- [EXERCISE DATA]:
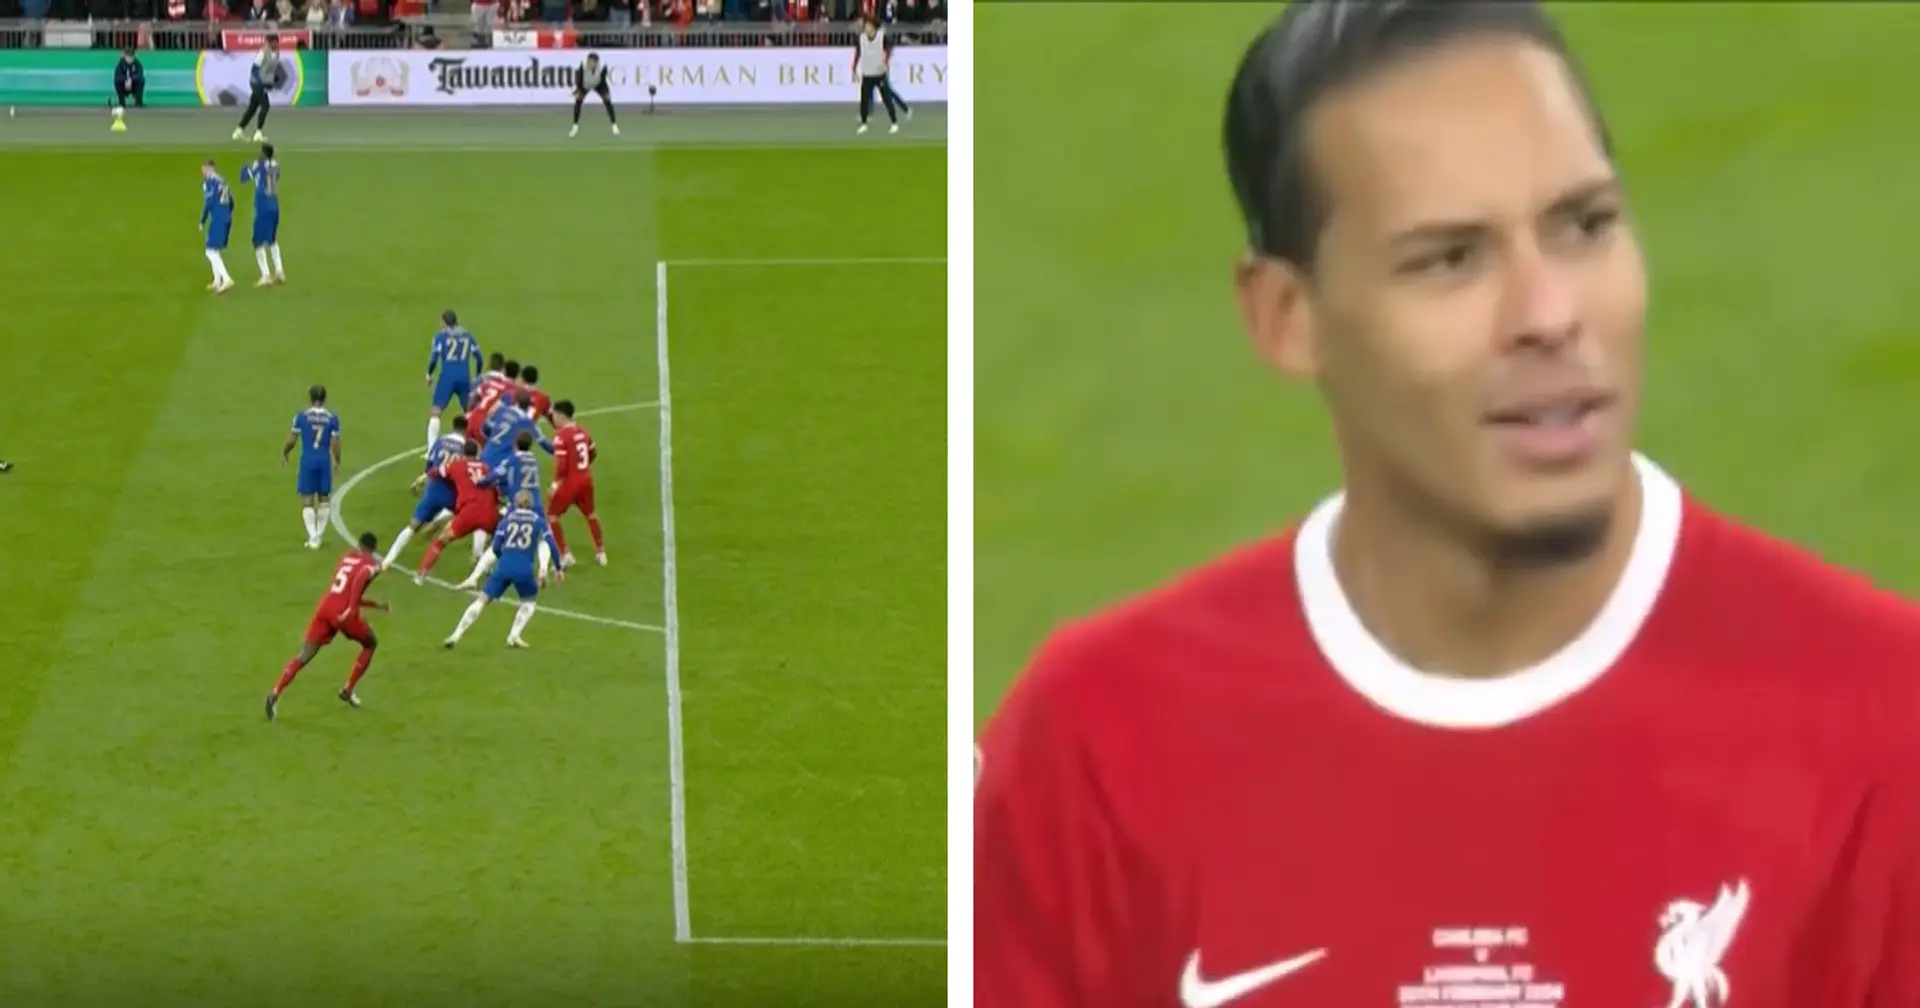 'Can’t believe we’ve got away with that': Chelsea fans react as Van Dijk's goal gets ruled out
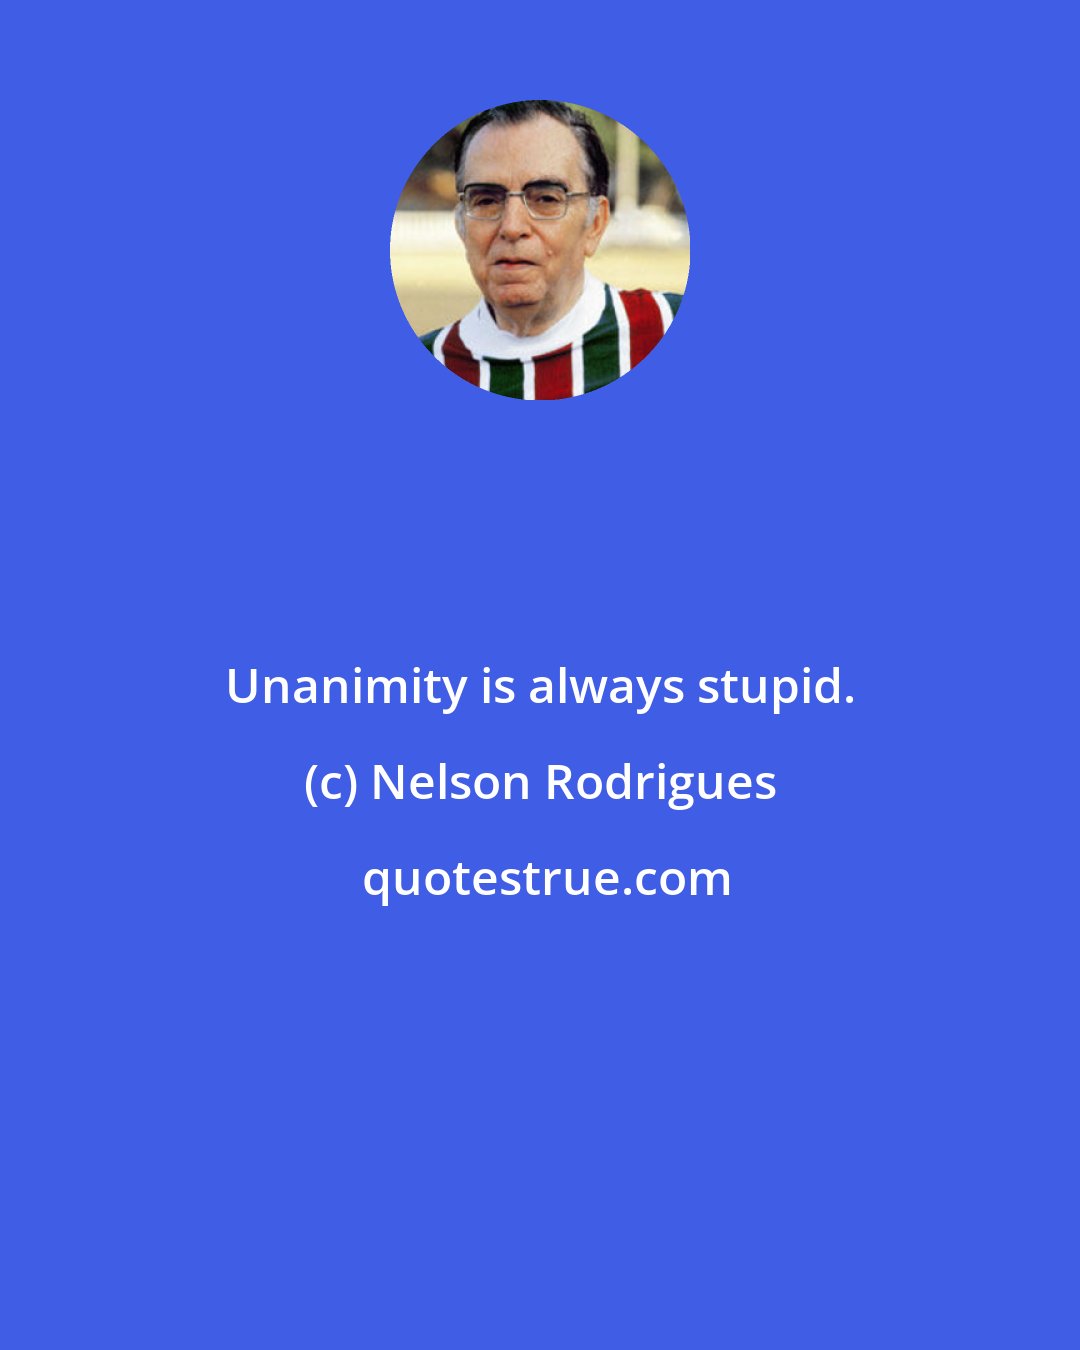 Nelson Rodrigues: Unanimity is always stupid.
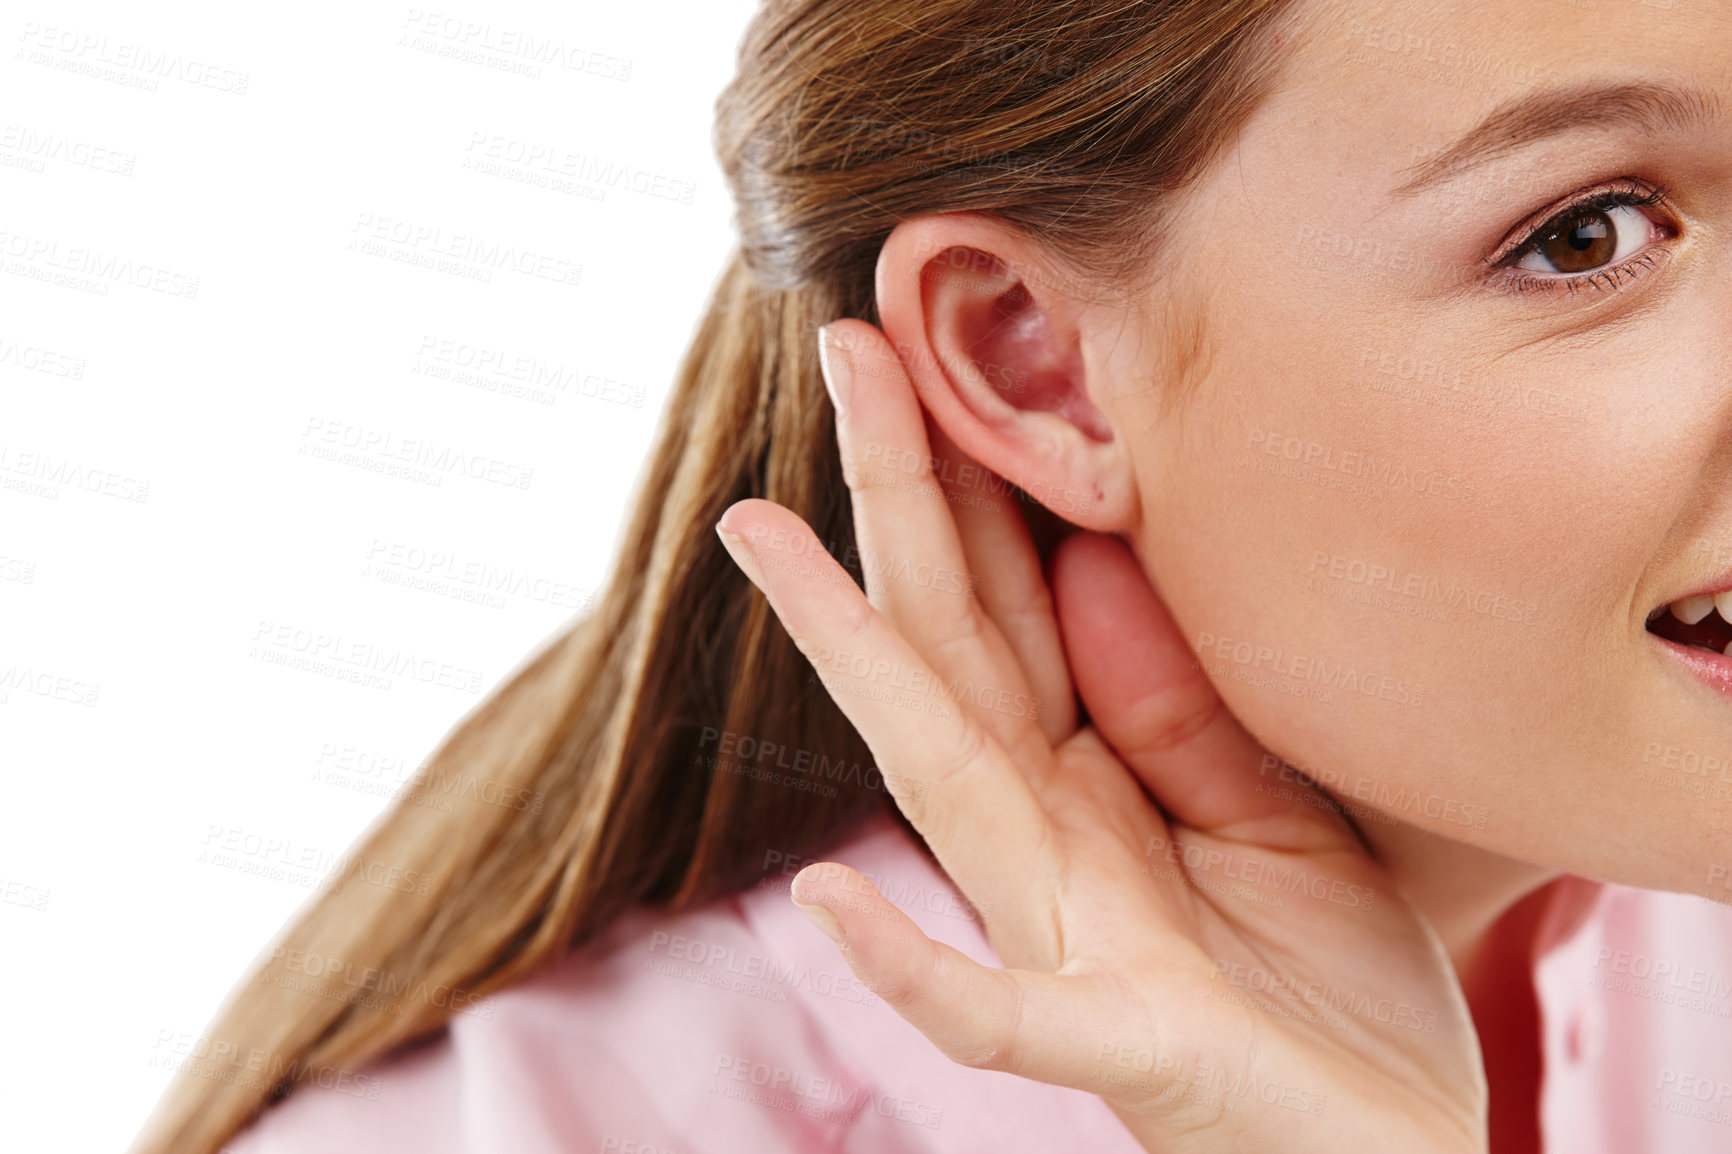 Buy stock photo Woman, ear and listening to gossip, rumour and gesture as spy to hear serious whispers in secret. Curious, female person and palm trying to concentrate on interesting news or information in studio
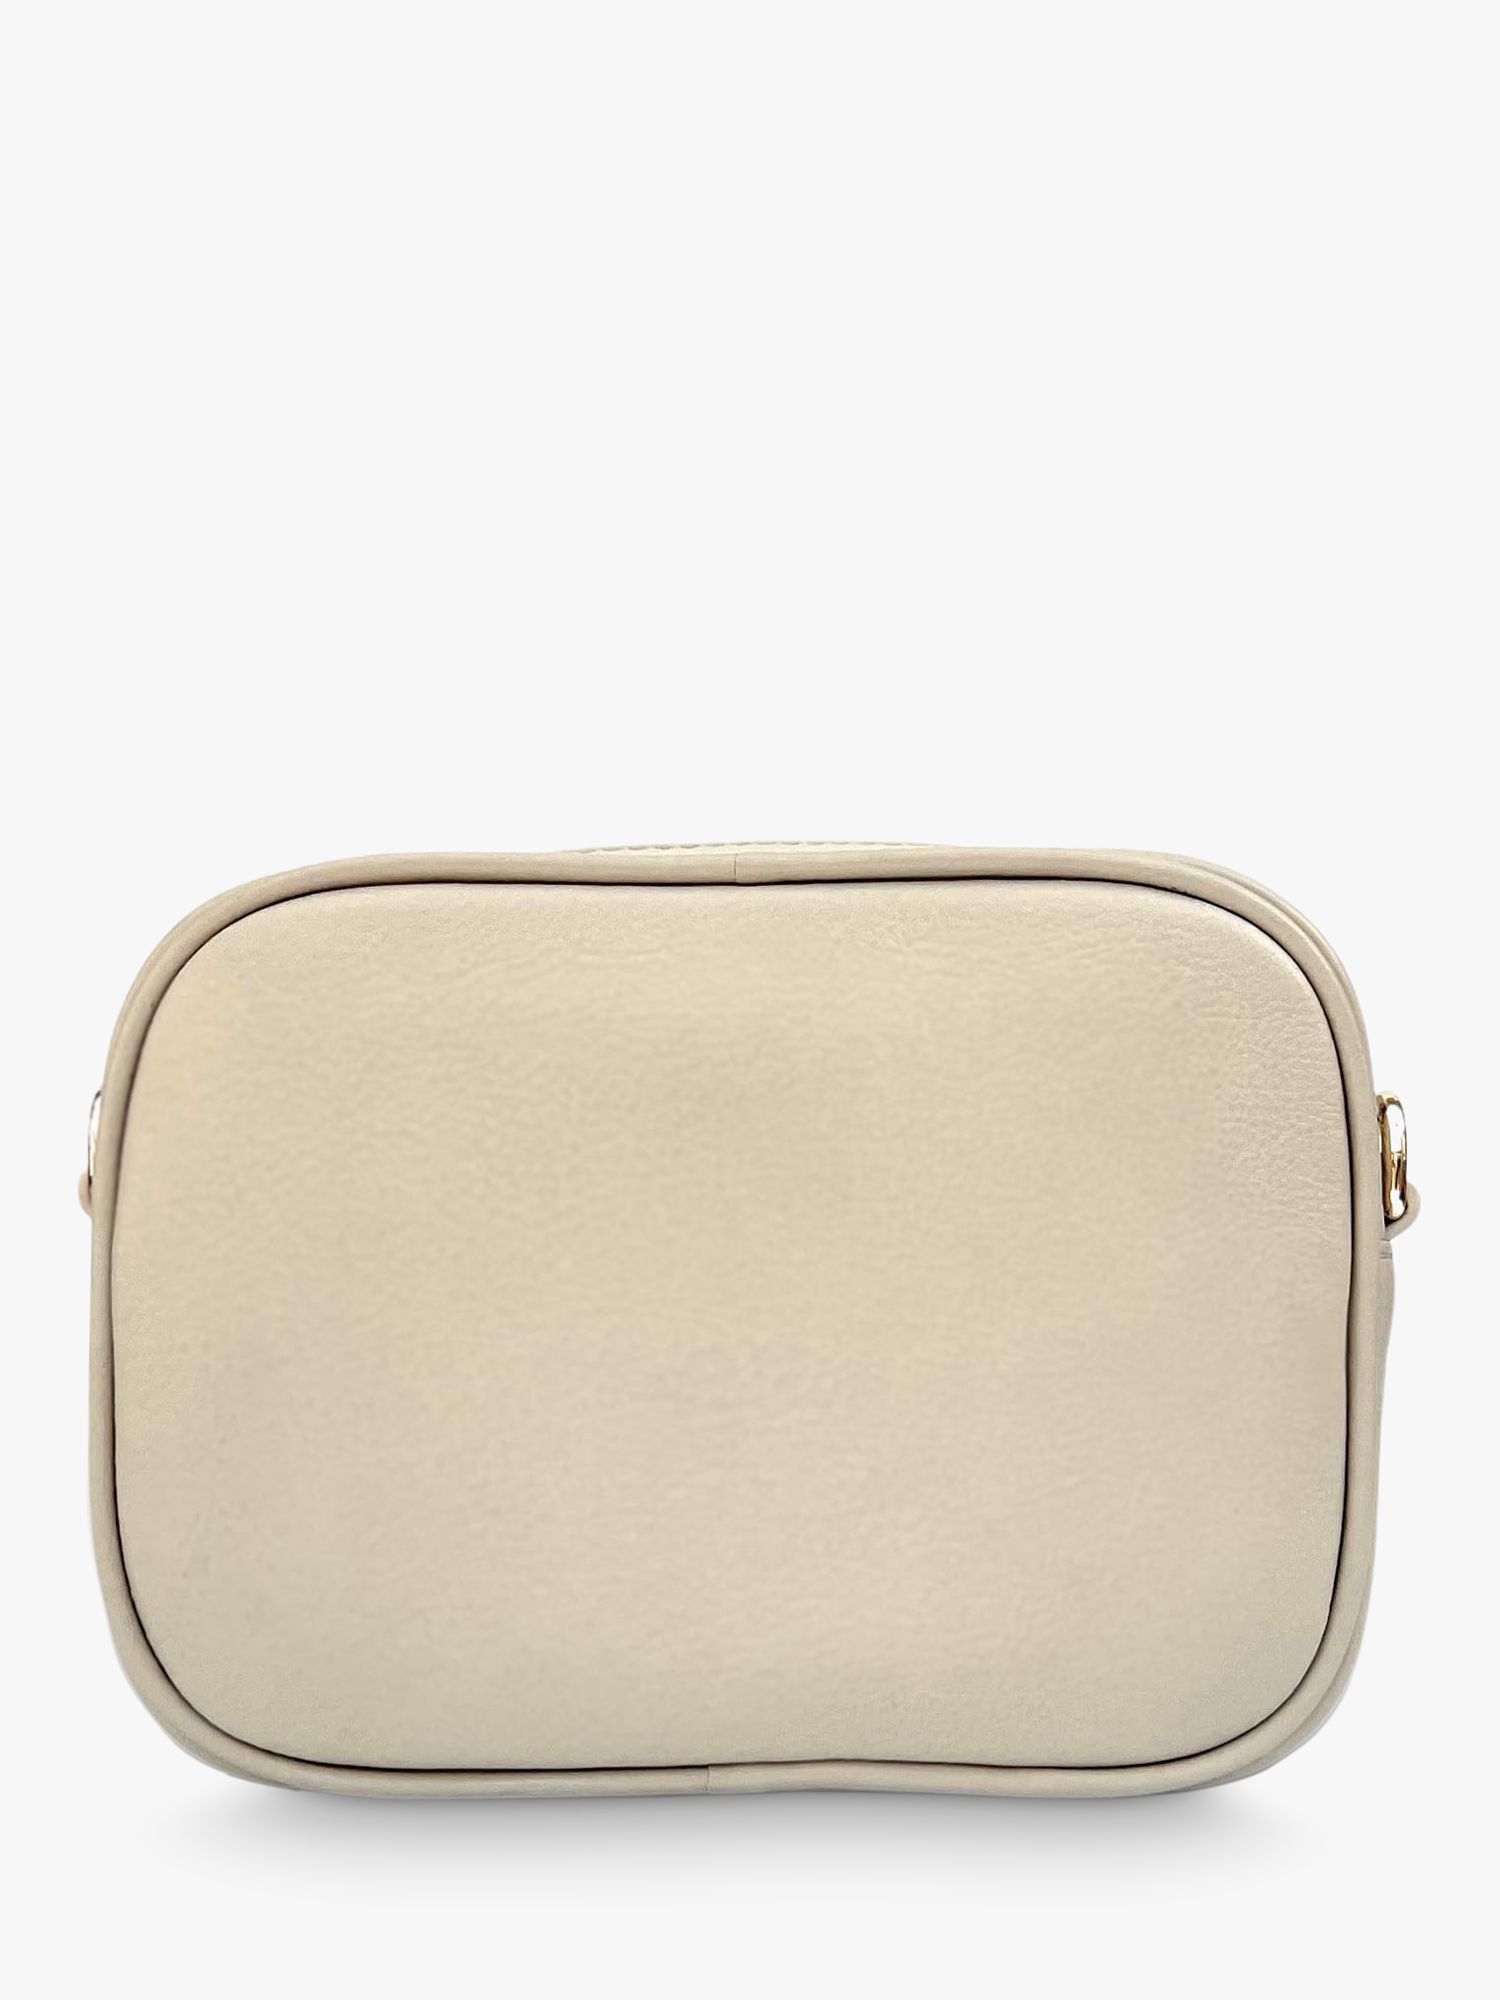 Buy Apatchy The Penelope Woven Leather Camera Bag Online at johnlewis.com

- [WORK TASK]:
Extract, word for word, every line from the one holding "Nelson Rodrigues: Unanimity" through the closing line of the data above. Do not include any pictures.

- [ANSWER AREA]:
 Nelson Rodrigues: Unanimity is always stupid.
 Buy stock photo Woman, ear and listening to gossip, rumour and gesture as spy to hear serious whispers in secret. Curious, female person and palm trying to concentrate on interesting news or information in studio
 Buy Apatchy The Penelope Woven Leather Camera Bag Online at johnlewis.com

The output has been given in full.